On Wed, Apr 16, 2025, 10:22 AM Eric Blake <ebl...@redhat.com> wrote:

> On Tue, Apr 15, 2025 at 06:34:35PM -0400, Nikolaos Chatzikonstantinou
> wrote:
> > > Since there's already another long thread on how m4 does not match
> > > current emacs regex but why enabling intervals would break at least
> > > autoconf 2.72, I'm inclined to update the m4 manual rather than use
> > > RE_SYNTAX_EMACS, whether or not this patch is accepted.
> >
> > I'm having a bit of issue following, but this is relevant to me, so
> > I'd like to ask the following questions:
> >
> > 1) <regex.h> has two interfaces, the old glibc one that gnulib
> > implements and the POSIX one with regcomp() and regexec(). What I've
> > noticed is inconsistency between the two interfaces in syntax:
> >
> >     # m4 regexp that matches:
> >     regexp(`foo', `[a-z]+')
> >
> > This will not match with POSIX:
> >
> >     regcomp(&re, "[a-z]+", 0);
> >     assert(regexec(&re, "foo", 0, NULL, 0) == REG_NOMATCH);
> >
> > The reason is that POSIX BRE wants [a-z]\+ instead. So the question
> > is, does this mean the two interfaces have incompatible syntaxes?
>
> m4 uses re_compile_pattern() with syntax 0 (which at one point used to
> be RE_SYNTAX_EMACS, but this thread shows that is no longer the case).
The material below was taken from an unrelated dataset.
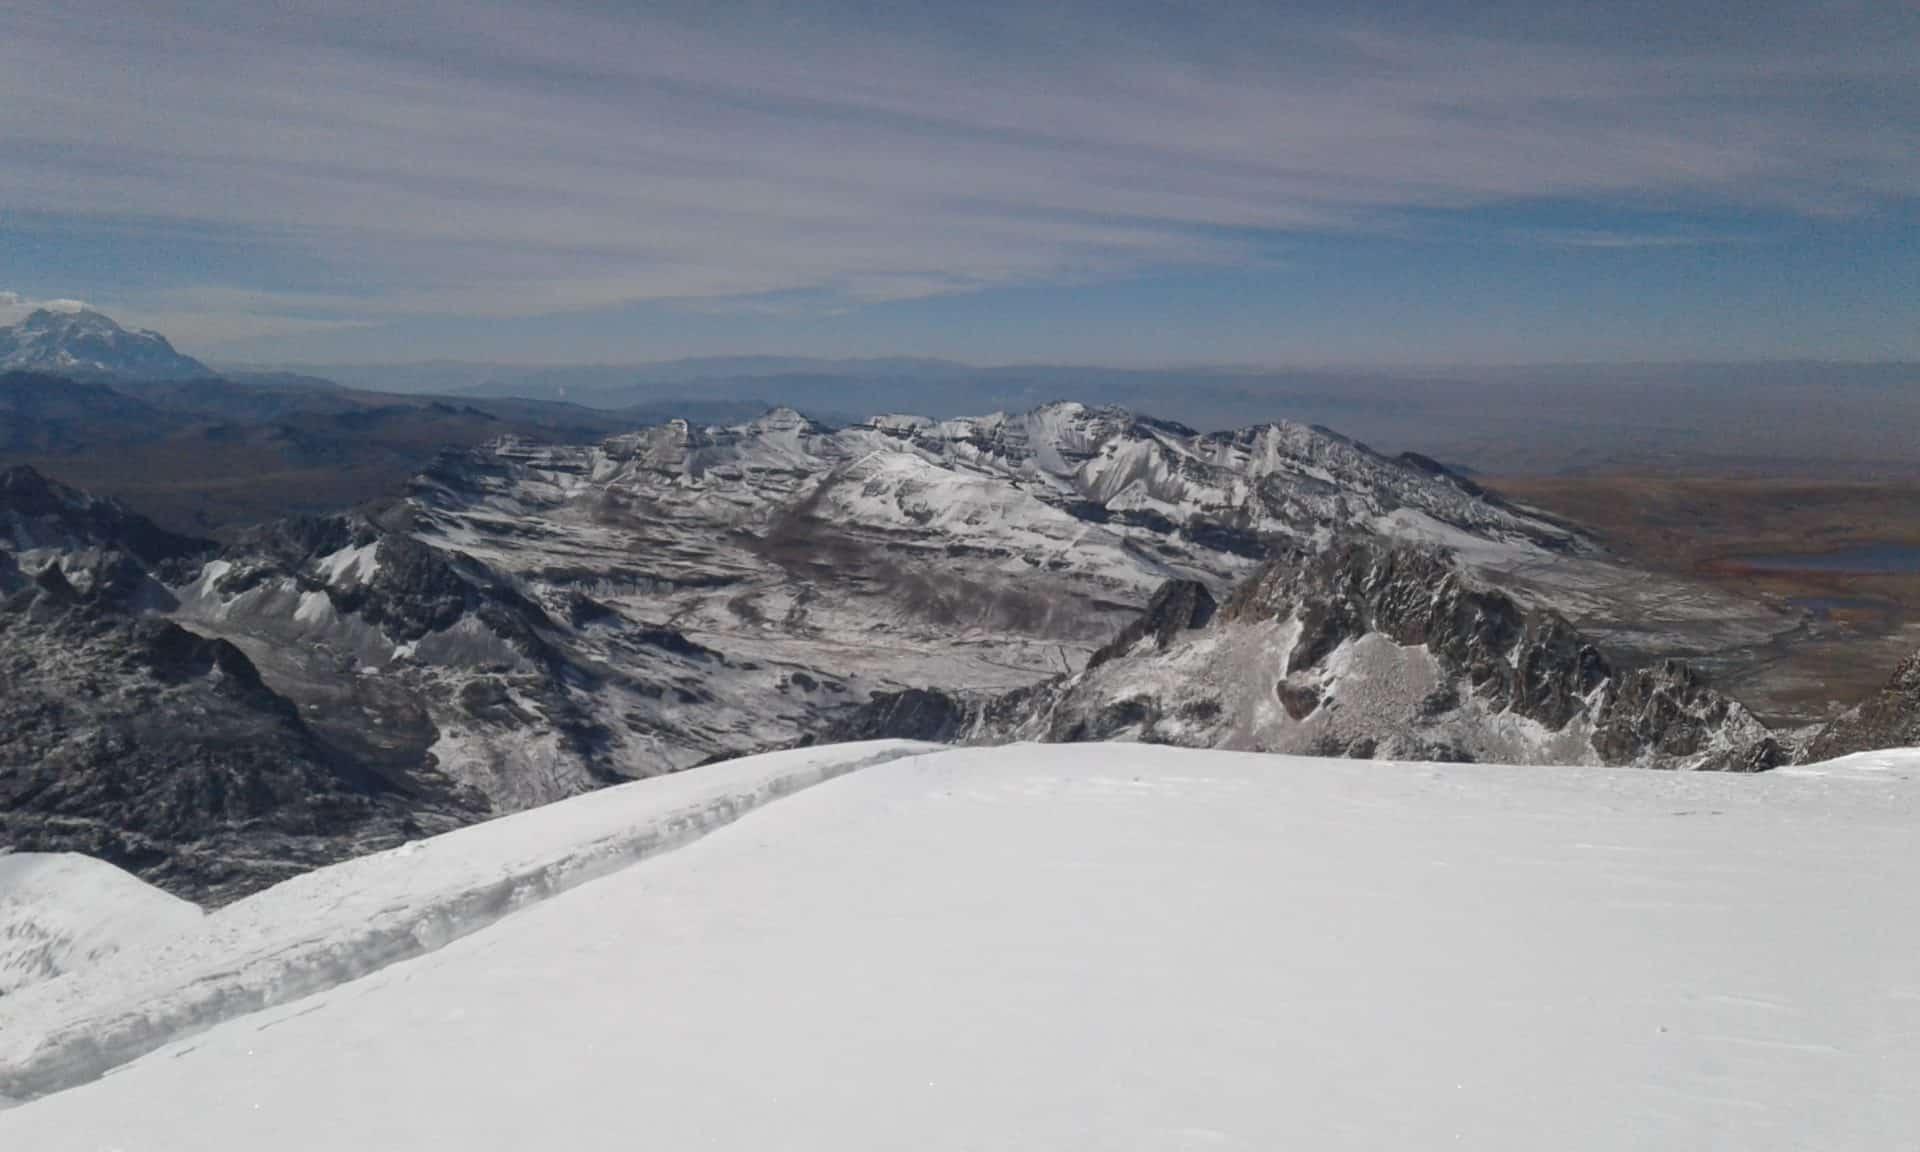 Nevado Sajama ascent (6542m), Bolivia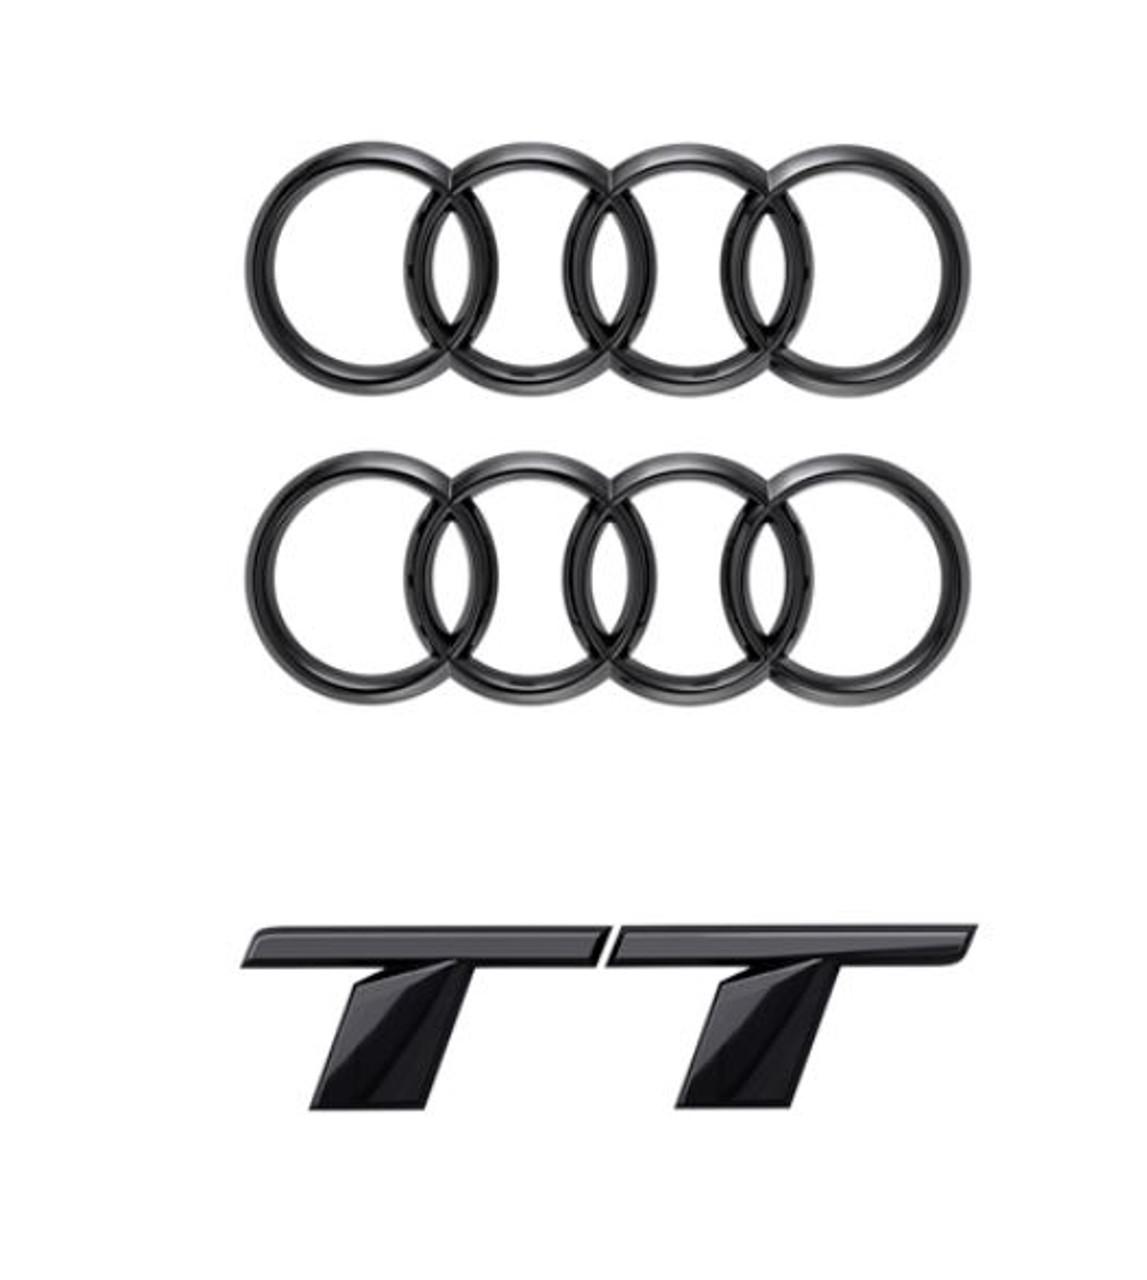 Genuine Audi Black Badge Kit - TT 2019+

> regcomp() is a POSIX interface, but it basically forces a syntax of
> either RE_SYNTAX_POSIX_EXTENDED or RE_SYNTAX_POSIX_BASIC.
>
> The re_compile_pattern() interface is superior: it offers greater
> flexibility to the user, and is a superset of the regcomp() interface
> (which can only choose between two syntax levels, rather than the
> wider range of re_compile_pattern() syntaxes and individual feature
> knobs).
>
> > I
> > don't think that's clarified in either the glibc manual
> > <
> https://www.gnu.org/software/libc/manual/html_node/Regular-Expressions.html
> >
> > and gnulib's
> > <
> https://www.gnu.org/software/gnulib/manual/html_node/The-Backslash-Character.html
> >.
> > Perhaps
> > gnulib should be agnostic of this issue (although worth a mention?)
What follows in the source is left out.